Ce même vide que je sentais dans ma chambre depuis qu'Albertine était partie et que j'avais cru combler en serrant des femmes conte moi, je le retrouvais en elles. Elles ne m'avaient jamais parlé, elles, de la musique de Vinteuil, des Mémoires de Saint Simon, elles n'avaient pas mis un parfum fort pour venir me voir, elles n'avaient joué à mêler ces cils aux miens, toutes choses importantes parce que elles permettent, semble-t-il, de rêver autour de l'acte sexuel lui même et de se donner l'illusion de l'amour, mais en réalité parce qu'elles faisaient partie du souvenir d'Albertine et que c'était elle que j'aurais voulu trouver. Ce que ces femmes avaient d'Albertine me faisait mieux ressentir ce que d'elle il leur manquait, et qui était tout, et qui ne serait plus jamais puisque Albertine était morte. Et ainsi mon amour pour Albertine, qui m'avait attiré vers ces femmes, me las rendait indifférentes, et mon regret d'Albertine et la persistance de ma jalousie, qui avaient déjà dépassé par leur durée mes prévisions les plus pessimistes, n'auraient sans doute jamais changé beaucoup si leur existence, isolée du reste de ma vie, avait seulement été soumise au jeu de mes souvenirs, aux actions et réactions d'une psychologie applicable à des états immobiles, et n'avait pas entraînée vers un système plus vaste où les âmes se meuvent dans le temps comme le corps dans l'espace. Comme il y a une géométrie dans l'espace, il y a une psychologie dans le temps, où les calculs d'une psychologie plane ne seraient plus exacts parce qu'on n'y tendrait pas compte du Temps et d'une des formes qu'il revêt, l'oubli; l'oubli dont je commençais à sentir la force et qui est un si puissant instrument d'adaptation a la réalité parce qu'il détruit peu à peu en nous le passé survivant qui est en constante contradiction avec elle. Et j'aurais vraiment bien pu deviner qu'un jour je n'aimerais plus Albertine.

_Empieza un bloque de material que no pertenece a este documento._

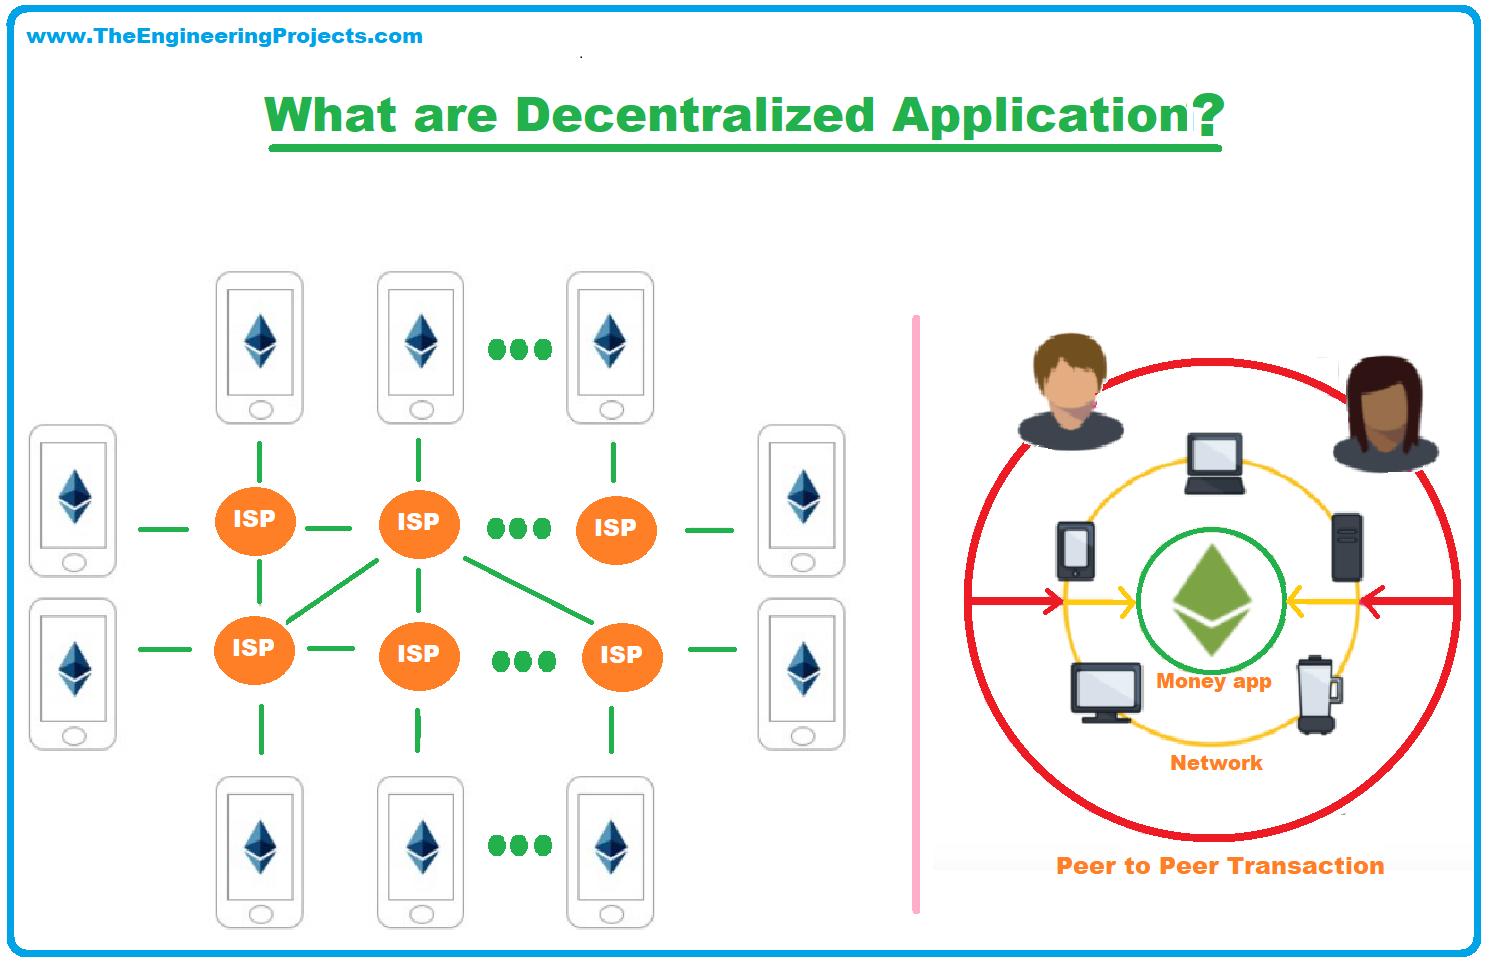 dapps, Decentralized Application, DApp, Decentralized Application ethereum, Centralized Application VS Decentralized Application, Features of a DApp, Tools for Developing DApp, Decentralized Applications Development

Ese mismo vacío que sentía en mi habitación tras la marcha de Albertine y que había creído colmar abrazando a otras mujeres, lo reencontraba en ellas. Ellas nunca me habían hablado, ellas, de la música de Albertine, de las memorias de Saint-Simon, ellas nunca se habían puesto un perfume fuerte para venir a verme, nunca había jugado a enredar sus pestañas con las mías, actos importantes porque permiten, me parecía, soñar alrededor del acto sexual e incluso tener la ilusión del amor, pero en realidad porque formaban parte del recuerdo de Albertine y porque era ella a quien quería encontrar. Lo que esas otras mujeres tenían de Albertine me permitía notar mejor lo que les faltaba de ella, que era todo y que ya no sería porque Albertine estaba muerta. Y así mi amor por Albertina y la persistencia de mis celos, cuya duración había superado mis previsiones más pesimistas, sin duda no habrían cambiado mucho si su existencia, aislada del resto de mi vida, sólo hubieran estado sometidas al juego de mis recuerdos, a las acciones y reacciones de una psicología aplicable a estados inmóviles y no hubiera derivado hacia un sistema más vasto, donde las almas se mueven como en el tiempo como los cuerpos en el espacio. Al igual que hay una geometría del espacio, hay una psicología del tiempo, donde los cálculos de una psicología plana no serían exactos puesto que no tendrían en cuenta el tiempo como una de las formas que revisten, el olvido, el olvido del que comenzaba a sentir la fuerza y que es si un instrumento tan poderoso de adaptación a la realidad es porque destruye poco a poco el pasado sobreviviente que está en contradicción permanente con él. Y yo habría debido adivinar que un día ya no amaría a Albertine.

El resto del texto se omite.